The Eleventh Tiger
- Author: David A. McIntee
- Series: Doctor Who book: Past Doctor Adventures
- Release number: 66
- Subject: Featuring: First Doctor Ian, Barbara, and Vicki
- Set in: Period between Byzantium! and The Web Planet
- Publisher: BBC Books
- Publication date: May 2004
- Pages: 287
- ISBN: 0-563-48614-7
- Preceded by: Empire of Death
- Followed by: Synthespians™

= The Eleventh Tiger =

2004 novel by David A. McIntee

The Eleventh Tiger is a BBC Books original novel written by David A. McIntee and based on the long-running British science fiction television series Doctor Who.
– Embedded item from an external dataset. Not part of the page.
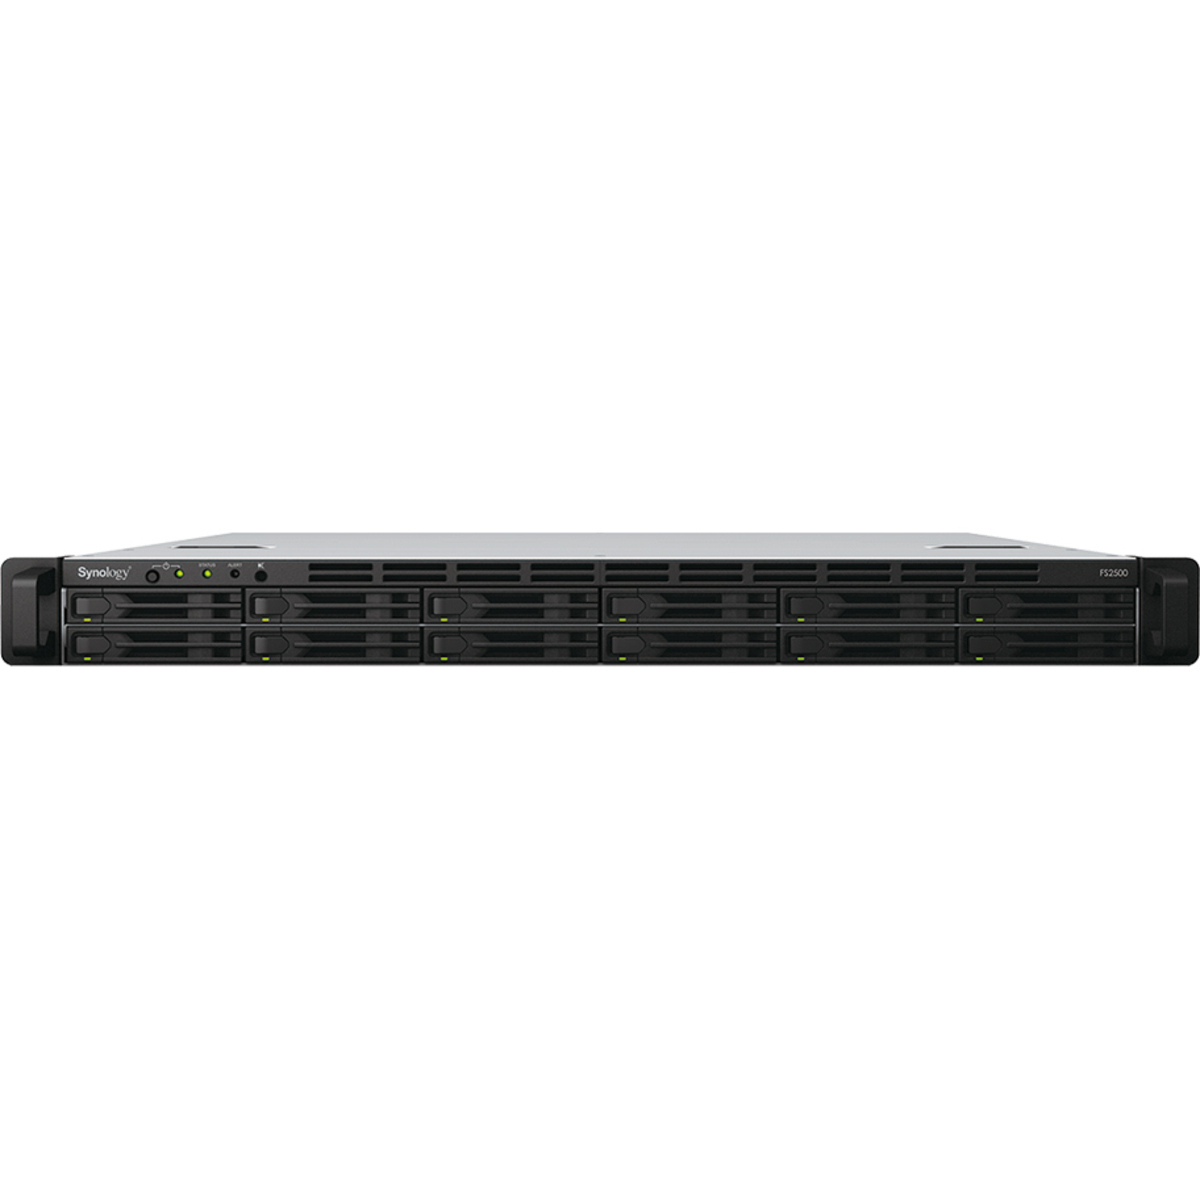 Synology FlashStation FS2500 11.5tb 12-Bay RackMount Large Business / Enterprise NAS - Network Attached Storage Device 12x960gb Synology SAT5210 Series SAT5210-960G 2.5 530/500MB/s SATA 6Gb/s SSD ENTERPRISE Class Drives Installed - Burn-In Tested - FREE RAM UPGRADE FlashStation FS2500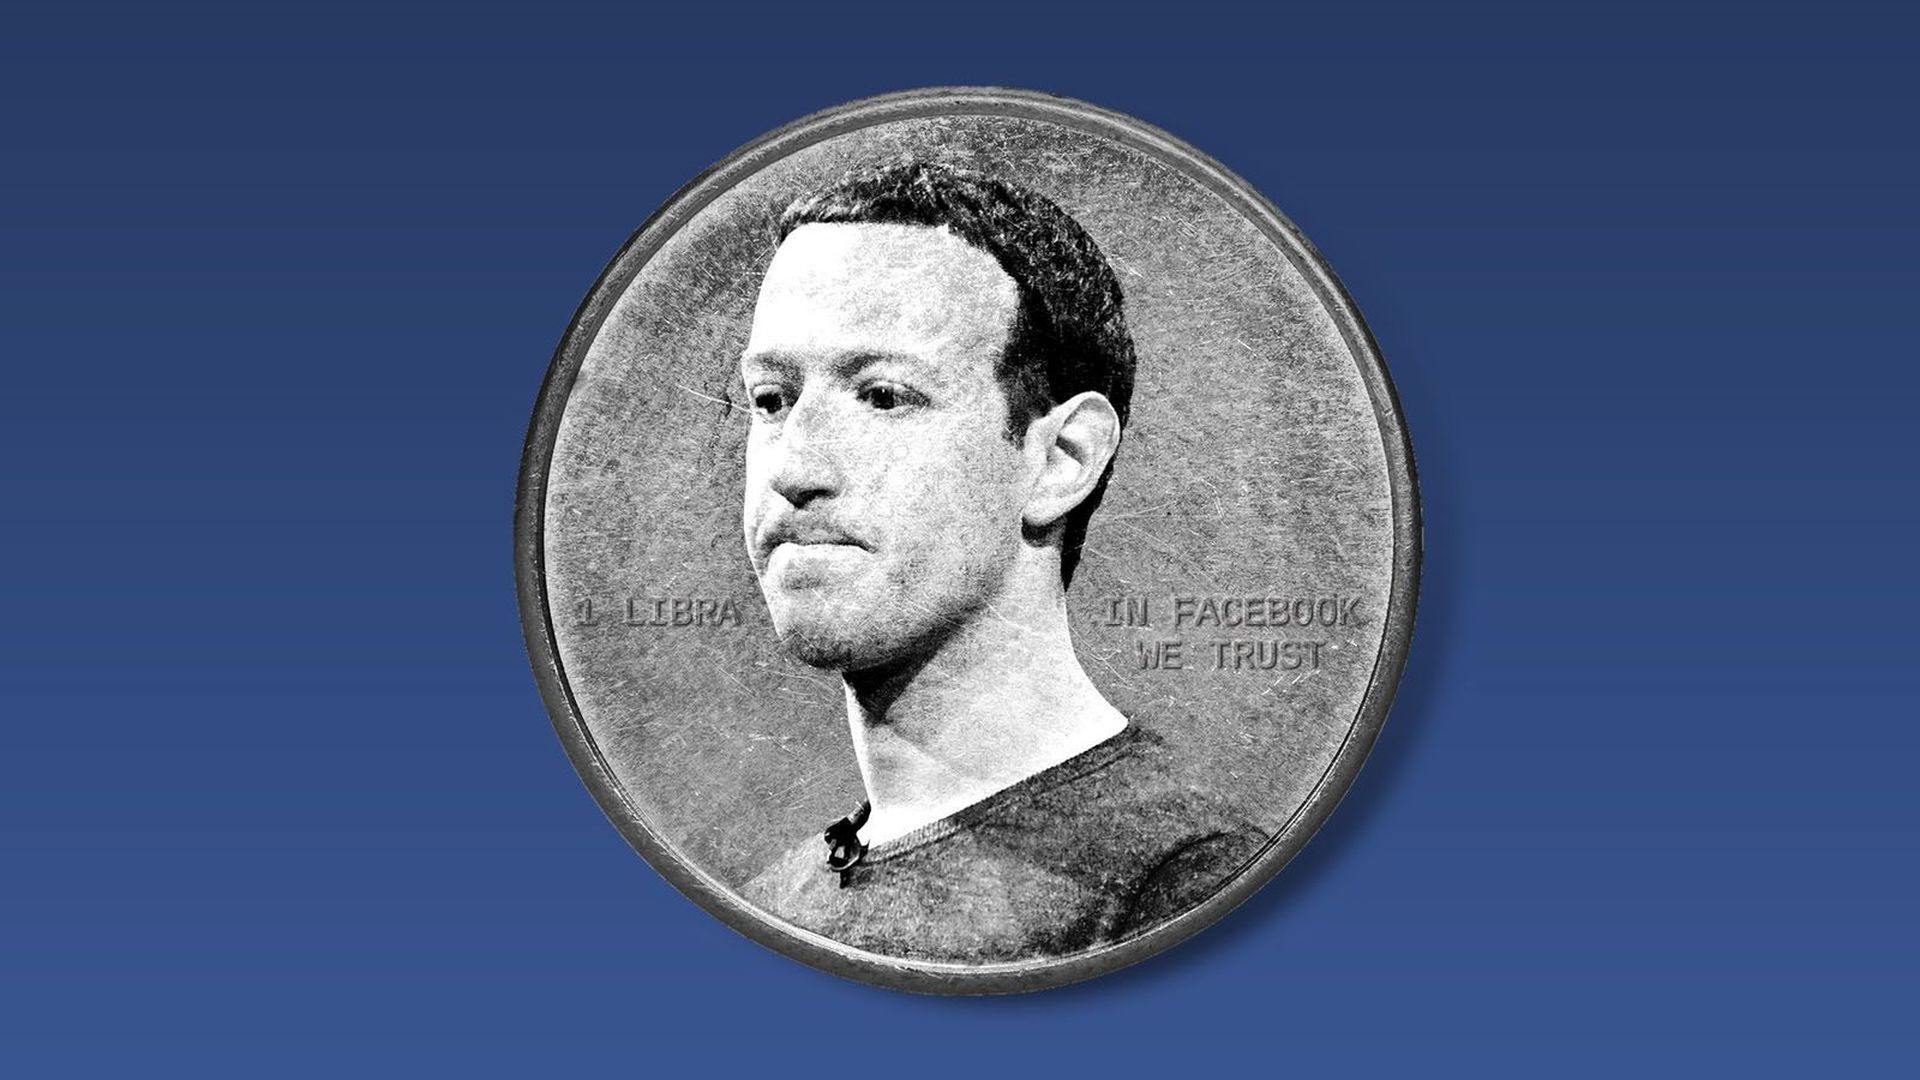 An image of a coin with Facebook CEO Mark Zuckerberg on the front

It features the First Doctor, Ian, Barbara, and Vicki.

==Synopsis==
It is China in 1865. Strife and rebellion rock the land. Trying to maintain order is the British Empire and the martial arts expert, the Ten Tigers of Canton. Adding to the confusion is the impossibility of many people already knowing Ian.

==Continuity==
Although it is never expressly identified, various clues suggest that the energy being the Doctor and his allies faced here was the Mandragora Helix, which fought the Fourth Doctor in the fifteenth century in The Masque of Mandragora; the Tenth Doctor confirmed its presence here when he faced Mandragora again in the New Series Adventures novel Beautiful Chaos.